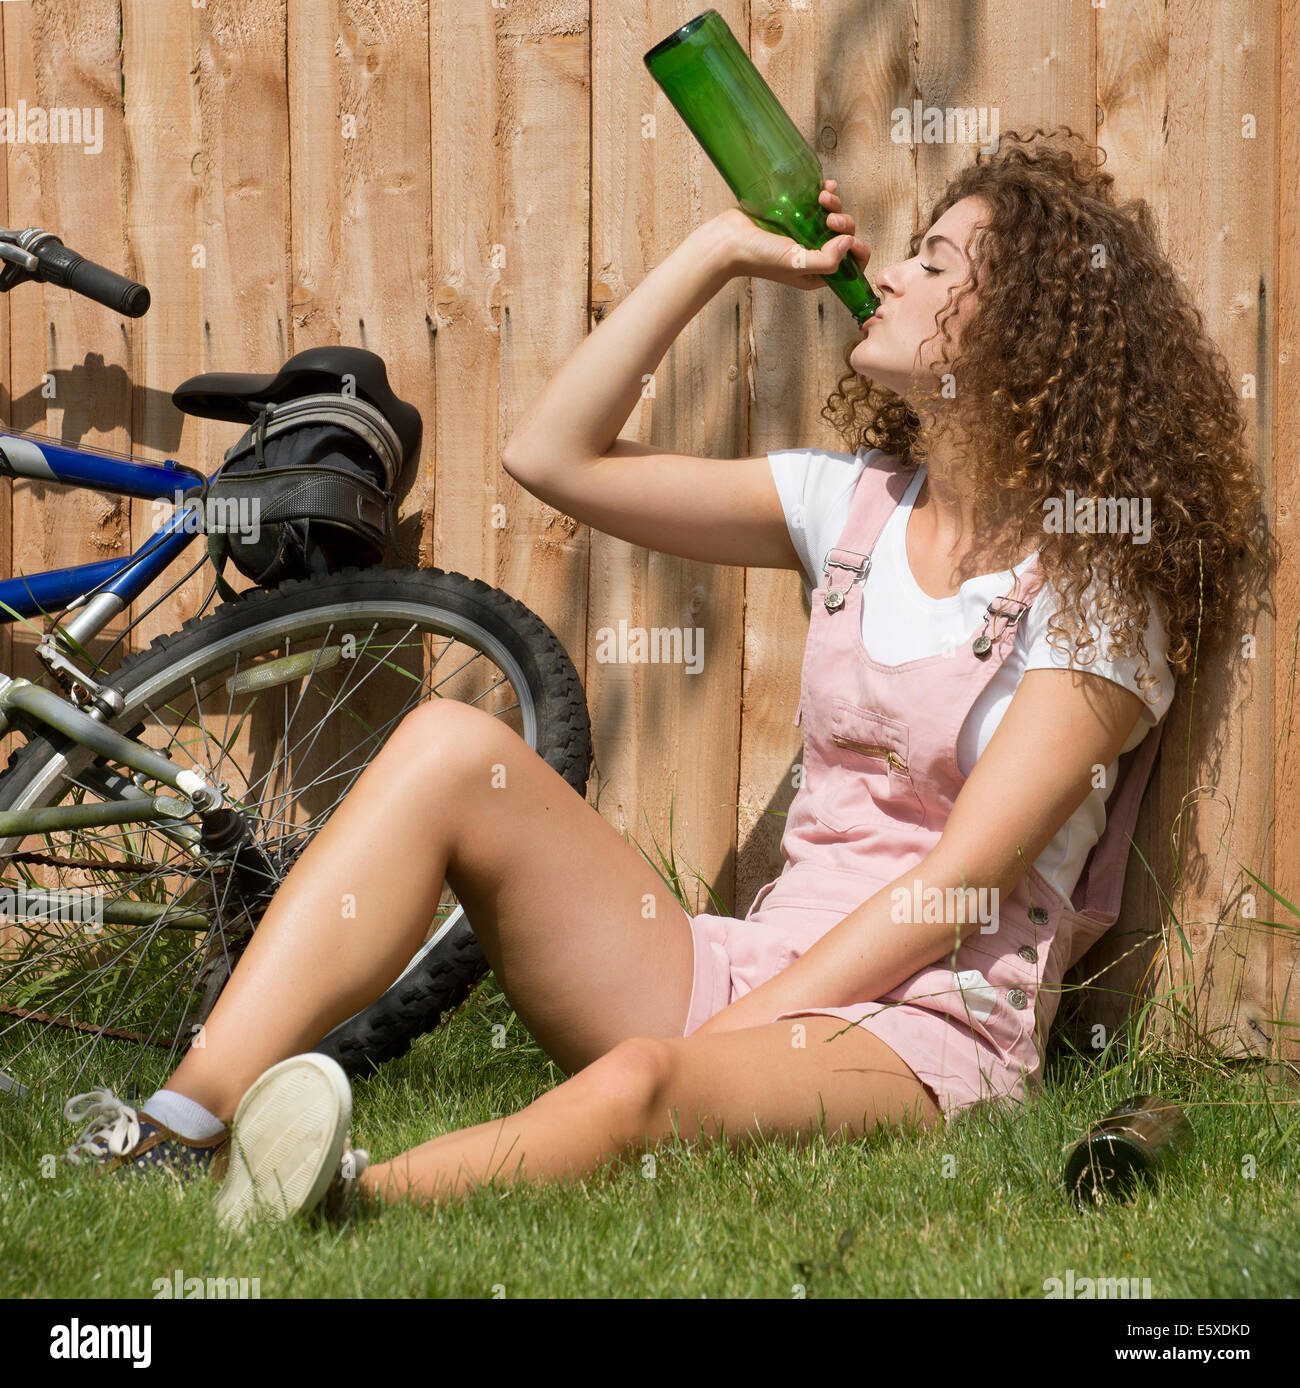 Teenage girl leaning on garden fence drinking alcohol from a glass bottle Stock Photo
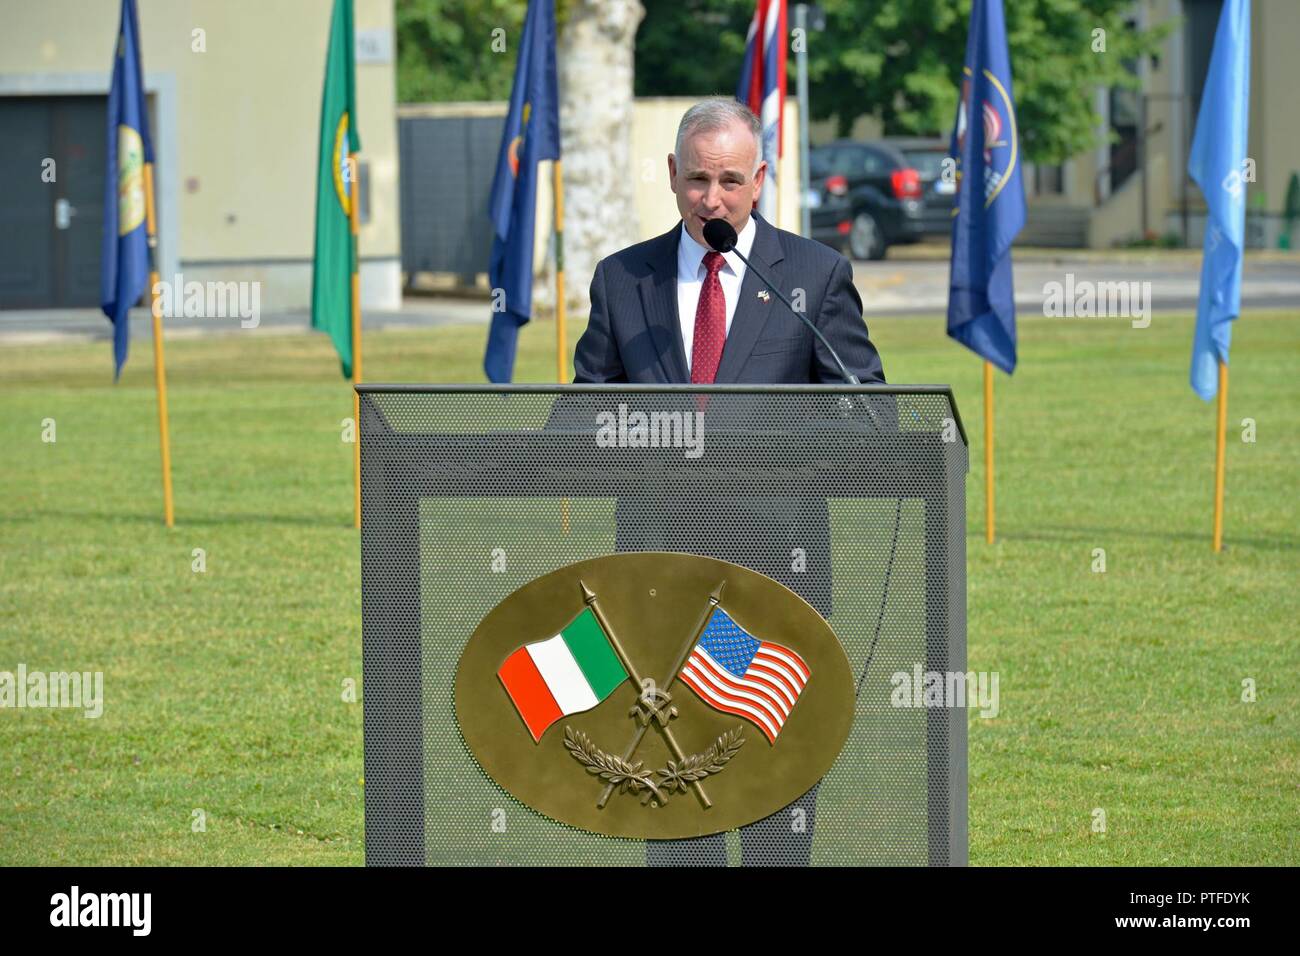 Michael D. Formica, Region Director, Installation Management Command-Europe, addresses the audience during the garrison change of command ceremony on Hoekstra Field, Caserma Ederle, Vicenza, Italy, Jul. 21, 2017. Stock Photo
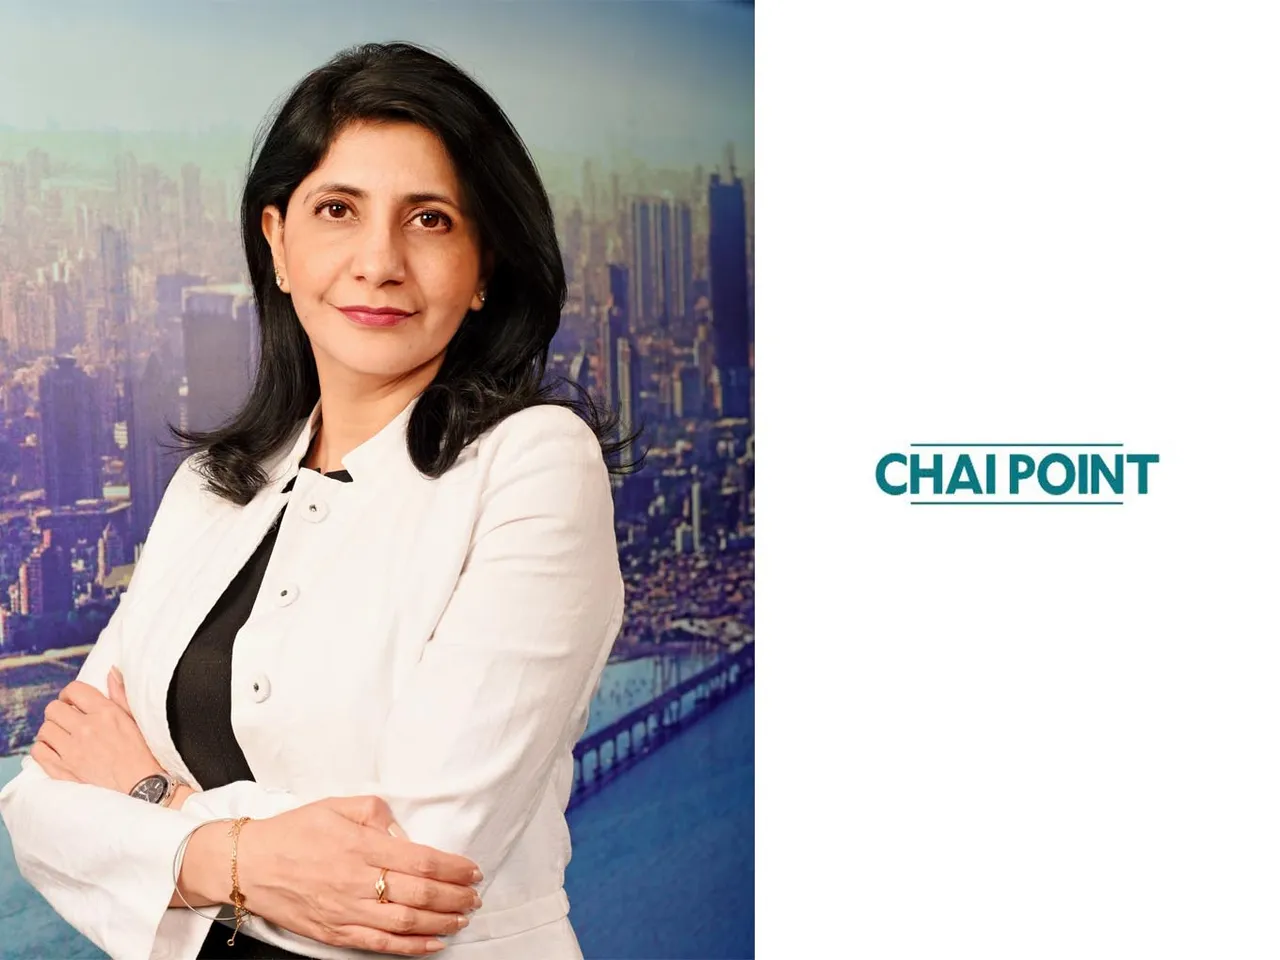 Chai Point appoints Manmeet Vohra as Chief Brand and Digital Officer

----

● TASK REQUIREMENTS
Would you please copy the listing exactly, omitting every picture?

● SOLUTION TO THE EXERCISE
 Teenage girl leaning on garden fence drinking alcohol from a glass bottle Stock Photo
 Michael D. Formica, Region Director, Installation Management Command-Europe, addresses the audience during the garrison change of command ceremony on Hoekstra Field, Caserma Ederle, Vicenza, Italy, Jul. 21, 2017. Stock Photo
 Chai Point appoints Manmeet Vohra as Chief Brand and Digital Officer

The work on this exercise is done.